エ 抗告人は、本件再生手続開始の申立日の前日である同年7月26日、相手方の専務(C)から最近の相手方の業績の説明を受けた上、相手方の資金繰りのため前月と同様に手形を振り出してほしい旨懇願された。そこで、抗告人は、支払期日を同年8月31日とする額面3000万円の手形1通、及び支払期日を同年10月31日とする額面2000万円の手形1通を相手方に振り出した。
オ 本件再生手続開始の申立てを知った抗告人は、上記(1)エの債権者説明会後の同年8月18日、相手方代理人弁護士に対し、同日付内容証明郵便でもって、上記エの手形2通の所在につき、調査するなどして同月25日までに知らせてほしい旨を通知した。
相手方代理人弁護士は、同月29日、相手方から支払期日を同月31日とする上記エの額面3000万円の手形1通を受け取ったとして、抗告人に対し、そのコピーをファクシミリで送信した。
カ 相手方代理人弁護士は、同年10月12日に当裁判所に提出した同日付上申書において、抗告人が振り出した支払期日を同月31日とする上記エの額面2000万円の手形1通を、同月9日に相手方代表者の長男D(取締役)から預かり、抗告人に返還する予定である旨述べた。
(3) その他の事情
ア 相手方は、本件再生手続開始決定の際に定められた認否書の提出期限である同年10月12日を過ぎても、認否書を提出しなかった。

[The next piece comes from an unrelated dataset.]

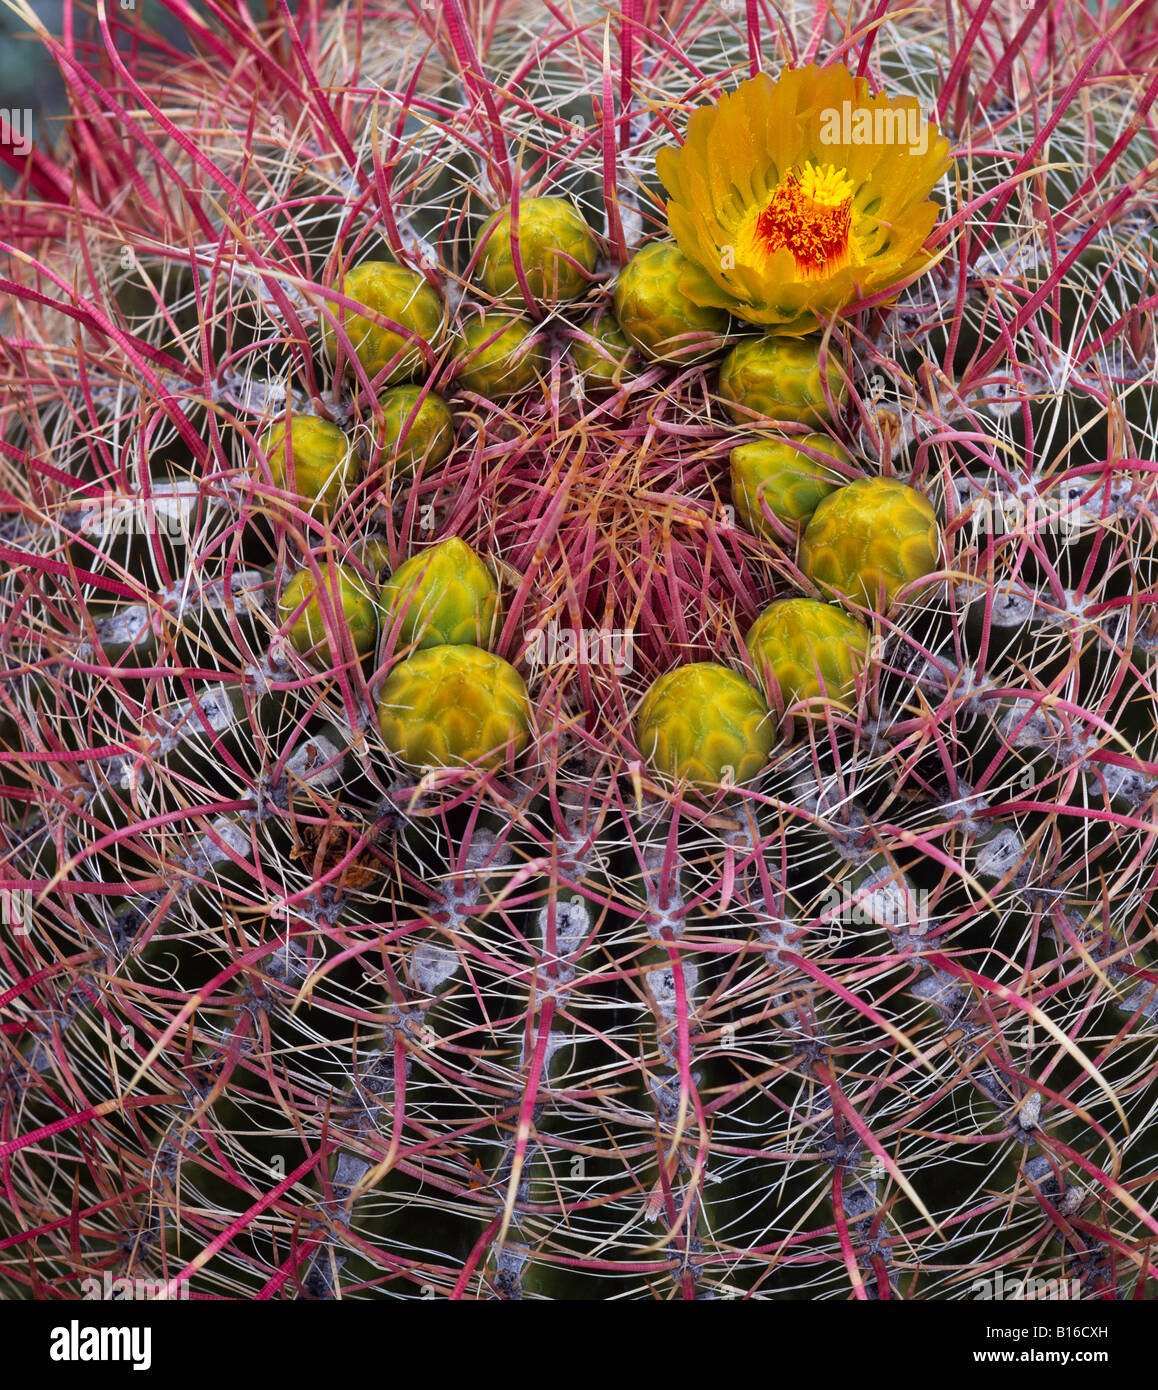 Anza Borrego Desert State Park CA Cluster of yellow blossoms on Barrel Cactus Ferocactus acanthodes with pink spines Stock Photo
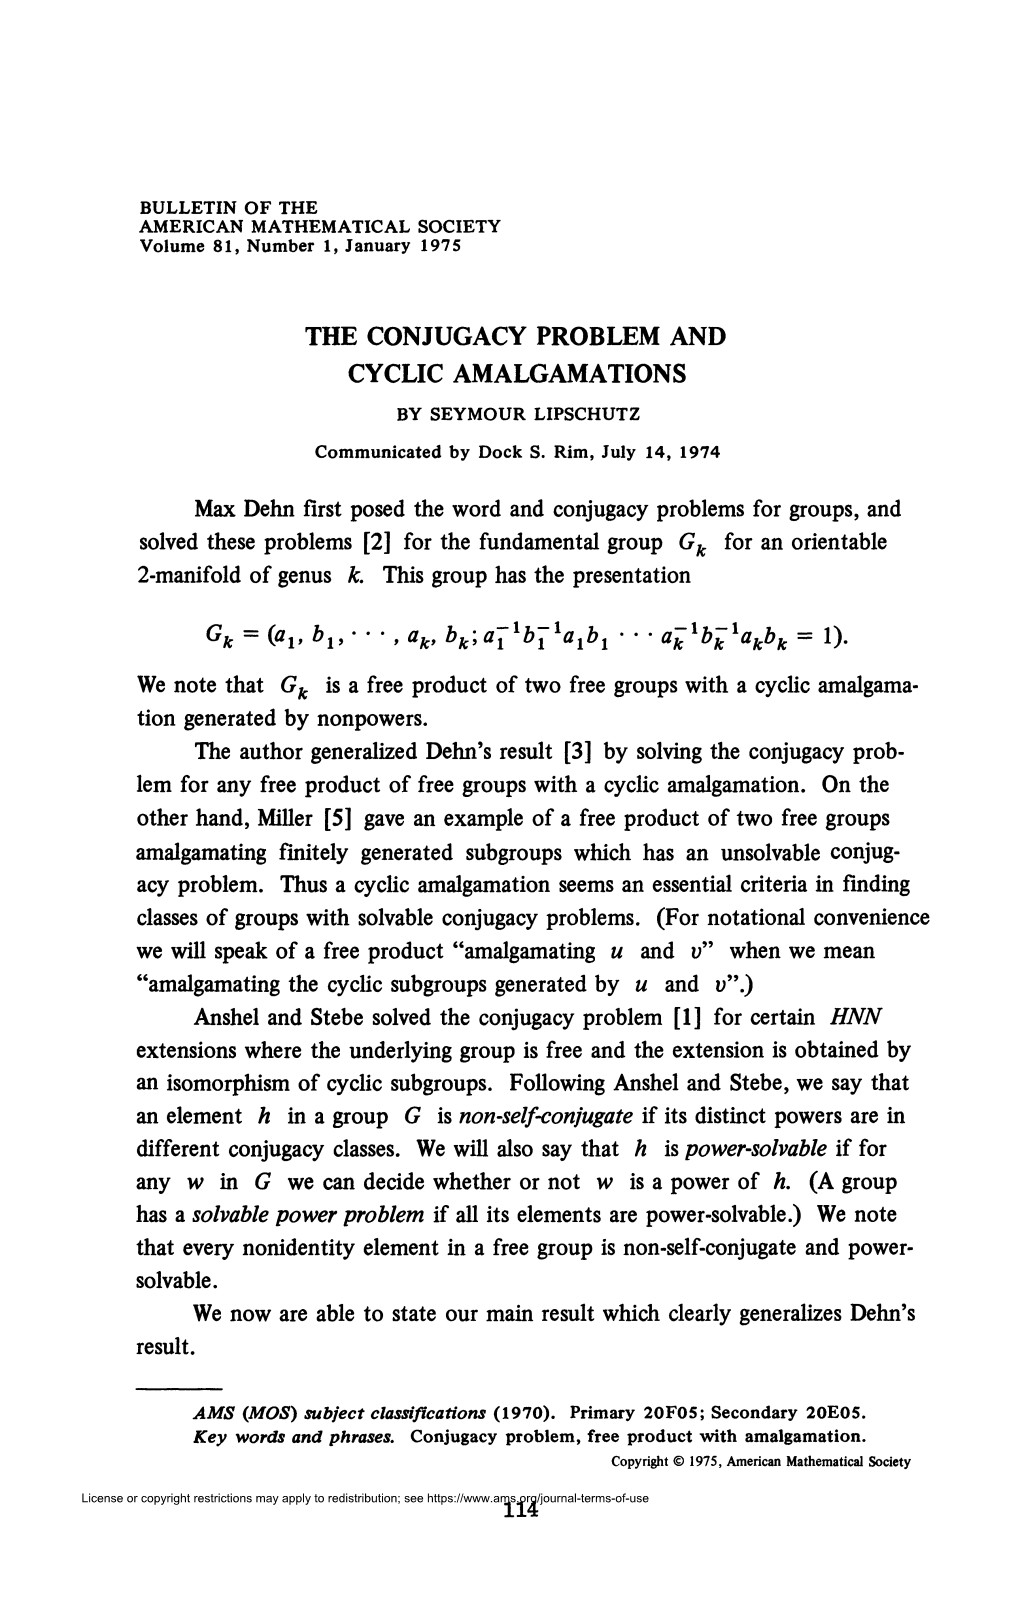 THE CONJUGACY PROBLEM and CYCLIC AMALGAMATIONS Max Dehn First Posed the Word and Conjugacy Problems for Groups, and Solved These

イ 当裁判所は、同年9月28日、相手方に対し、抗告人の抗告理由に対する十分な反論、特に、抗告人の再生債権についての認否等(上記(2)エの額面合計5000万円の手形を含む。)、本件再生手続開始申立書添付の債権者一覧表の抗告人の債権額1億5000万円と抗告人主張の債権額約4億円との齟齬、相手方が抗告人から手形の交付を受けた理由、同手形の決済状況(割引の有無)、債権者説明会における説明、再生債権者とのやり取りの具体的内容などを客観的な資料を添付して、同年10月13日までに明らかにするよう求める旨の事務連絡をした。
相手方代理人弁護士は、同年10月12日、上記(2)カの上申書を提出して、債権者説明会における説明、再生債権者とのやり取りの具体的内容について、資料を添えて明らかにしたが、抗告理由に対する反論を含むその余の点についての返答をしなかった。
当裁判所は、同月13日、相手方代理人弁護士(の事務員)に対し、上記返答未了部分を同月20日までに返答するよう伝えたところ、相手方代理人弁護士は、同日、当裁判所に対し、相手方代表者と連絡が取れないため書面の提出ができないこと、同月28日に松山地方裁判所今治支部で期日が入っている旨の連絡をした。
2 本件再生手続開始の申立棄却事由(抗告人の抗告理由)の検討
(1) 抗告人の主張(抗告理由)の骨子
抗告人は、本件の具体的事情のもとでは、相手方には、民事再生法25条4号にいう「不当な目的で再生手続開始の申立てがされたとき、その他申立てが誠実にされたものでないとき」に当たる事由があるから、相手方の本件再生手続開始の申立てを棄却すべきである旨主張する。
(2) 検討
ア 民事再生法1条は、「この法律は、経済的に窮境にある債務者について、その債権者の多数の同意を得、かつ、裁判所の認可を受けた再生計画を定めること等により、当該債務者とその債権者との間の民事上の権利関係を適切に調整し、もって当該債務者の事業又は経済生活の再生を図ることを目的とする。」と規定し、同法21条は、「債務者に破産手続開始の原因となる事実の生ずるおそれがあるとき」又は「債務者が事業の継続に著しい支障を来すことなく弁済期にある債務を弁済することができないとき」は、債務者は、裁判所に対し、再生手続開始の申立てをすることができる旨を規定している。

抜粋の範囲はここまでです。